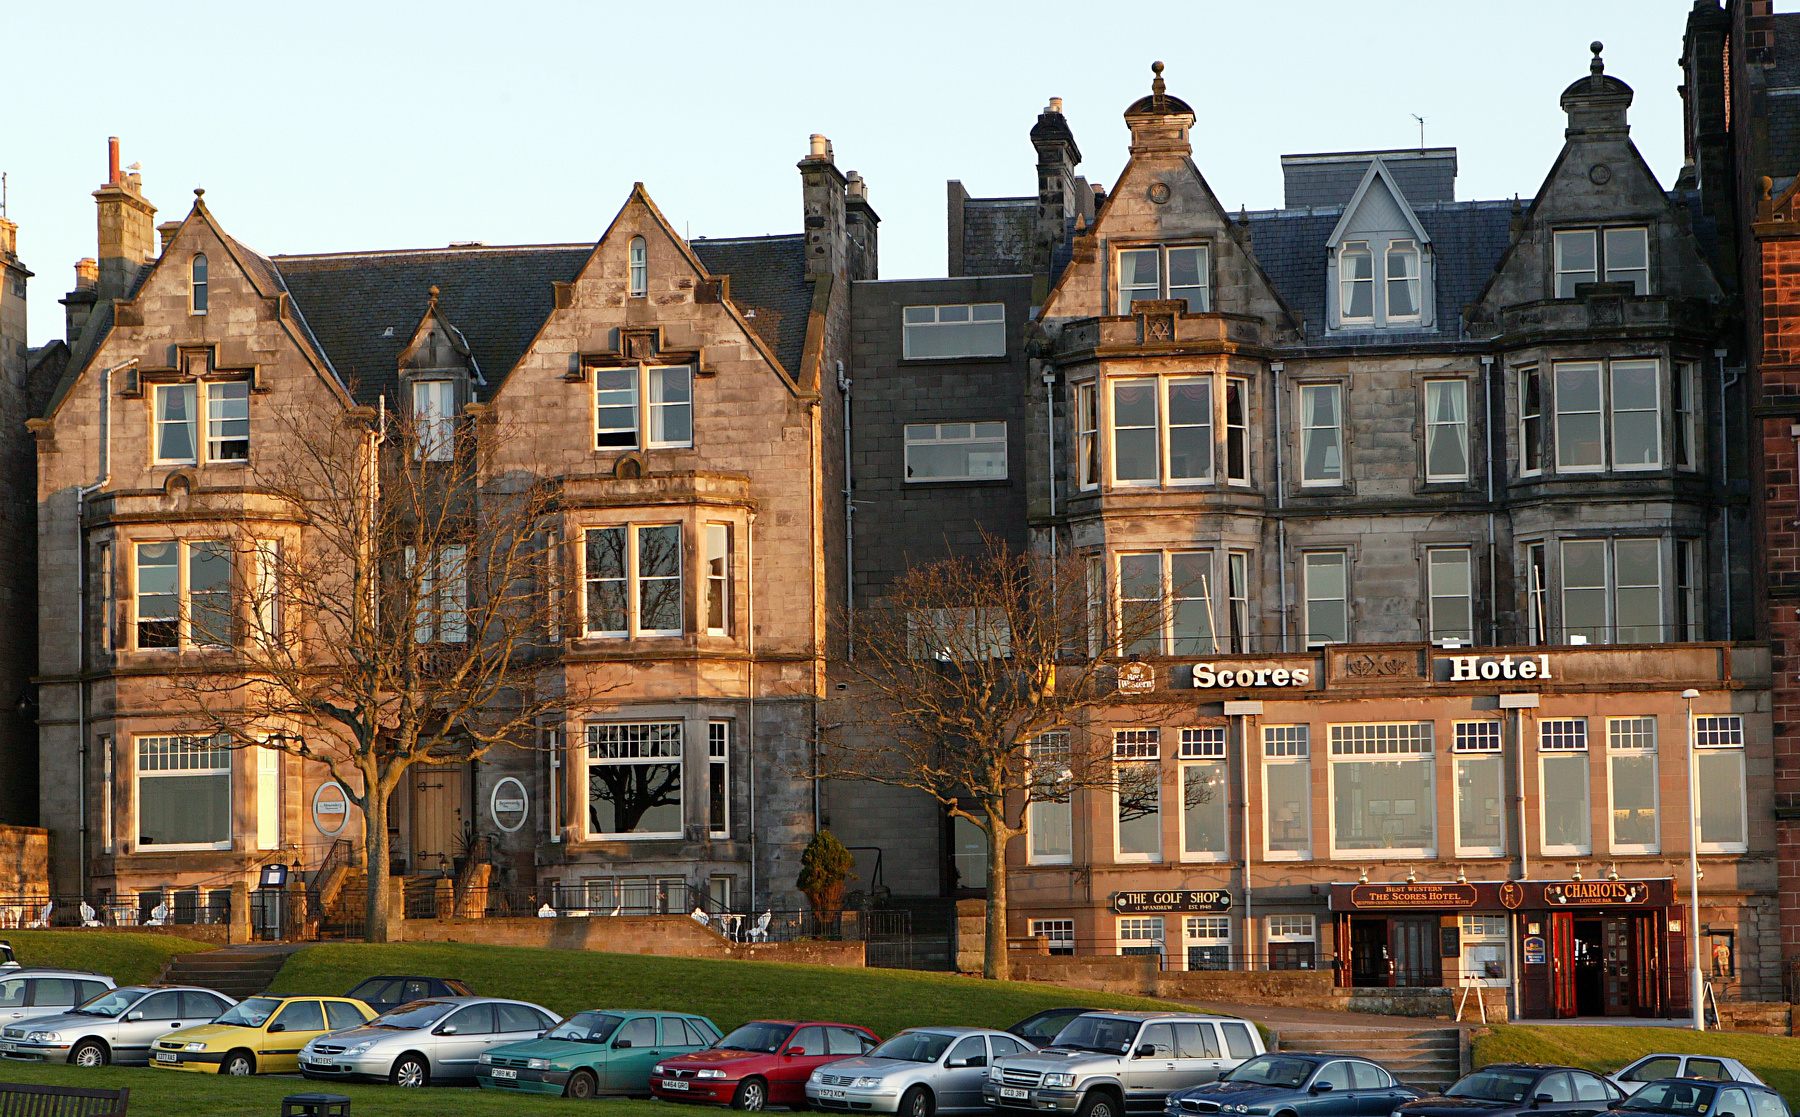 Scores Hotel, St Andrews
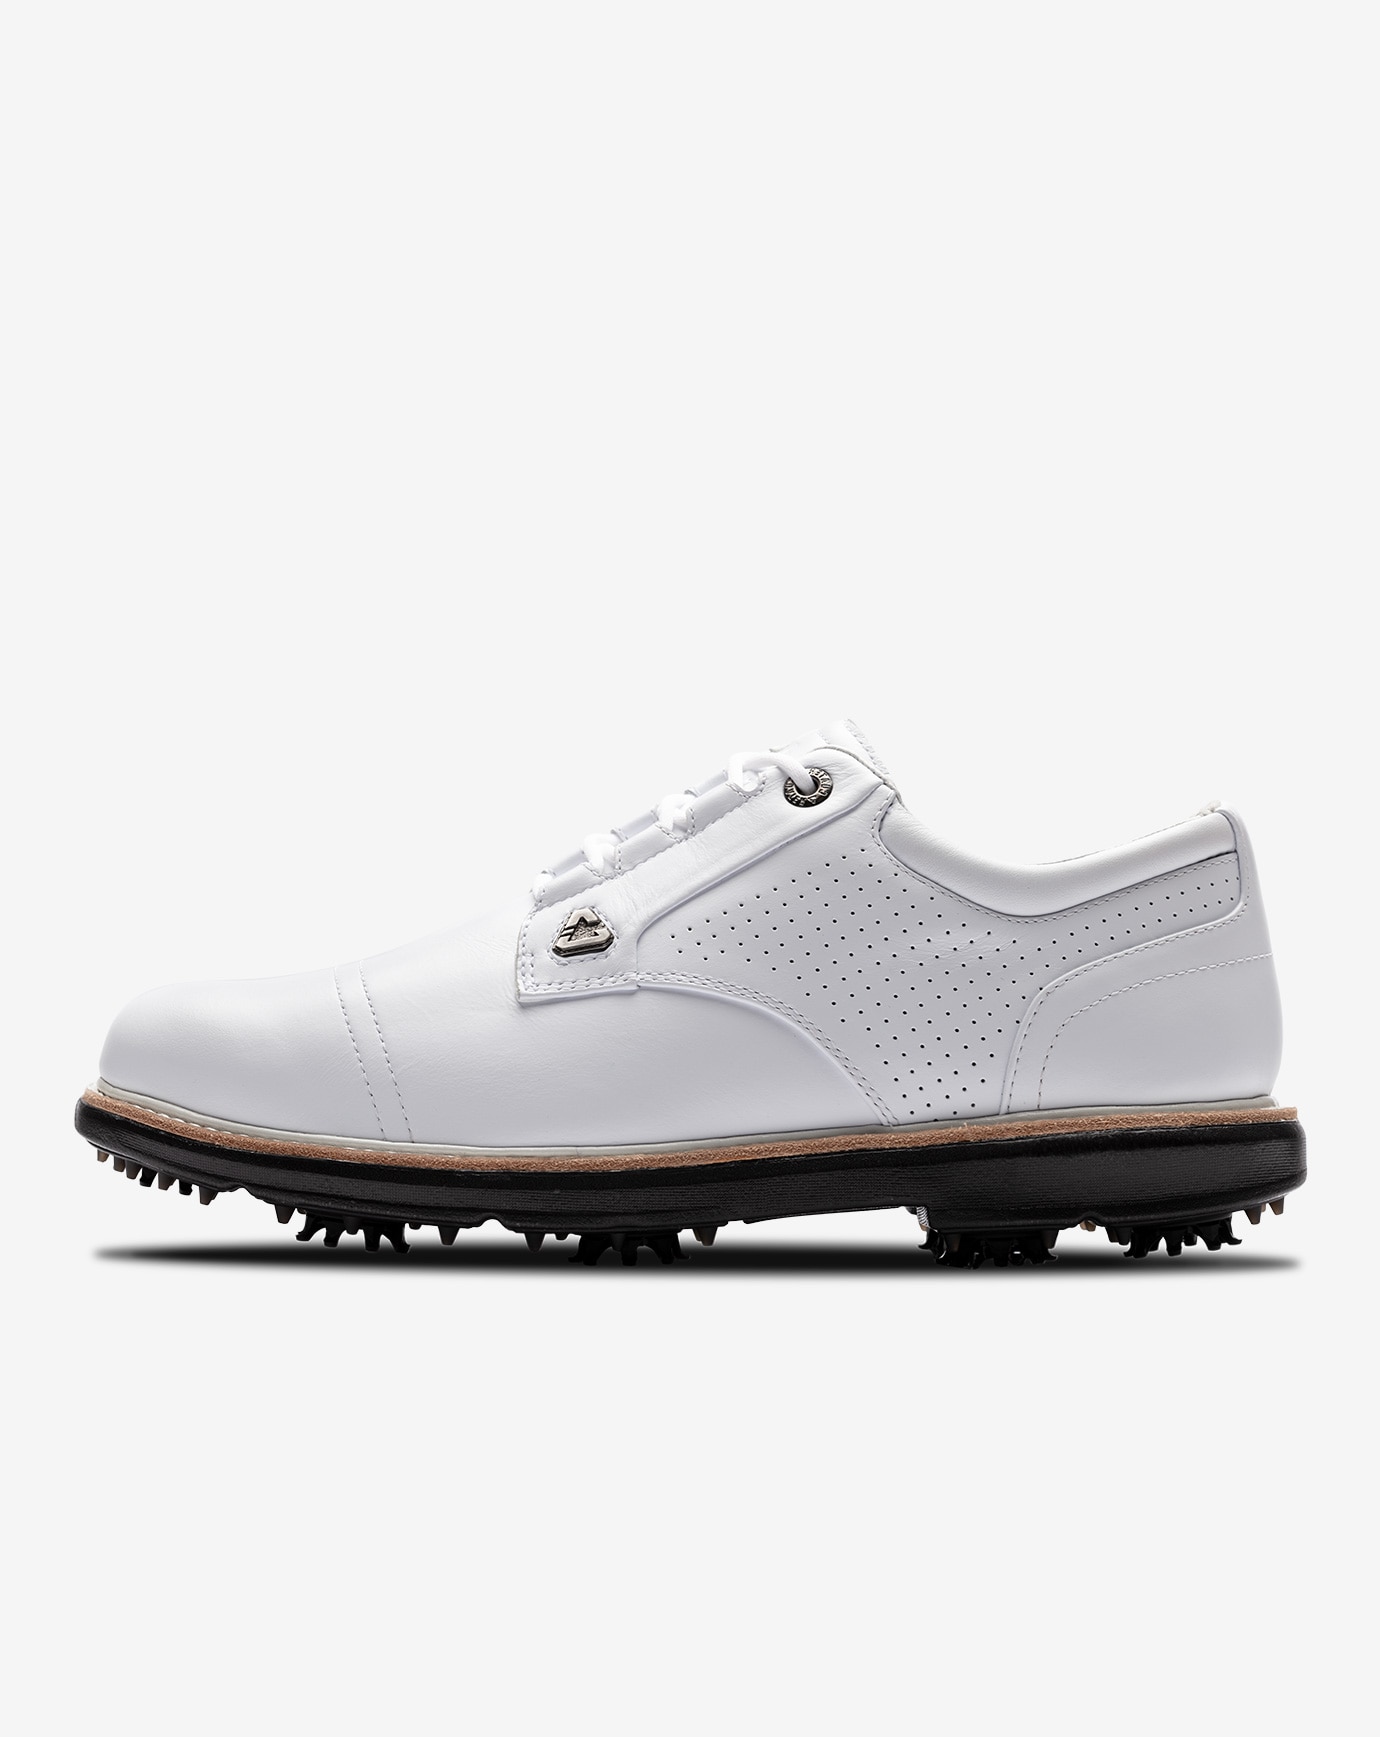 travis mathew golf shoes
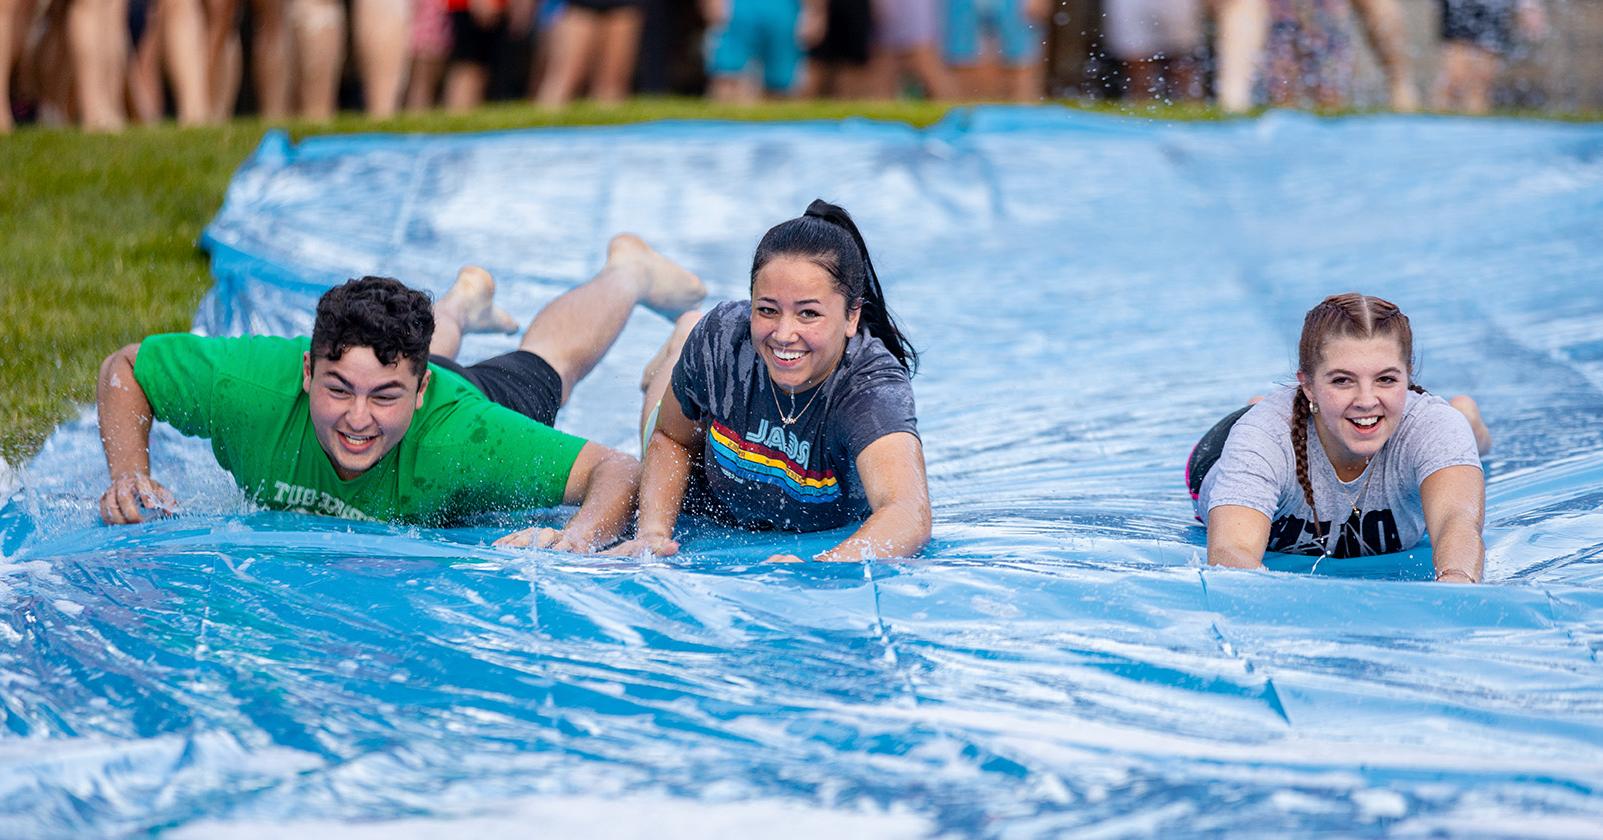 Students enjoy welcome weekend slip-and-slide

*Problem details*:
Each line from the one that holds "travis mathew golf shoes" through the end of the material should be repeated exactly, and nothing more. Leave out any picture.

*Result below*:
 travis mathew golf shoes
 Students enjoy welcome weekend slip-and-slide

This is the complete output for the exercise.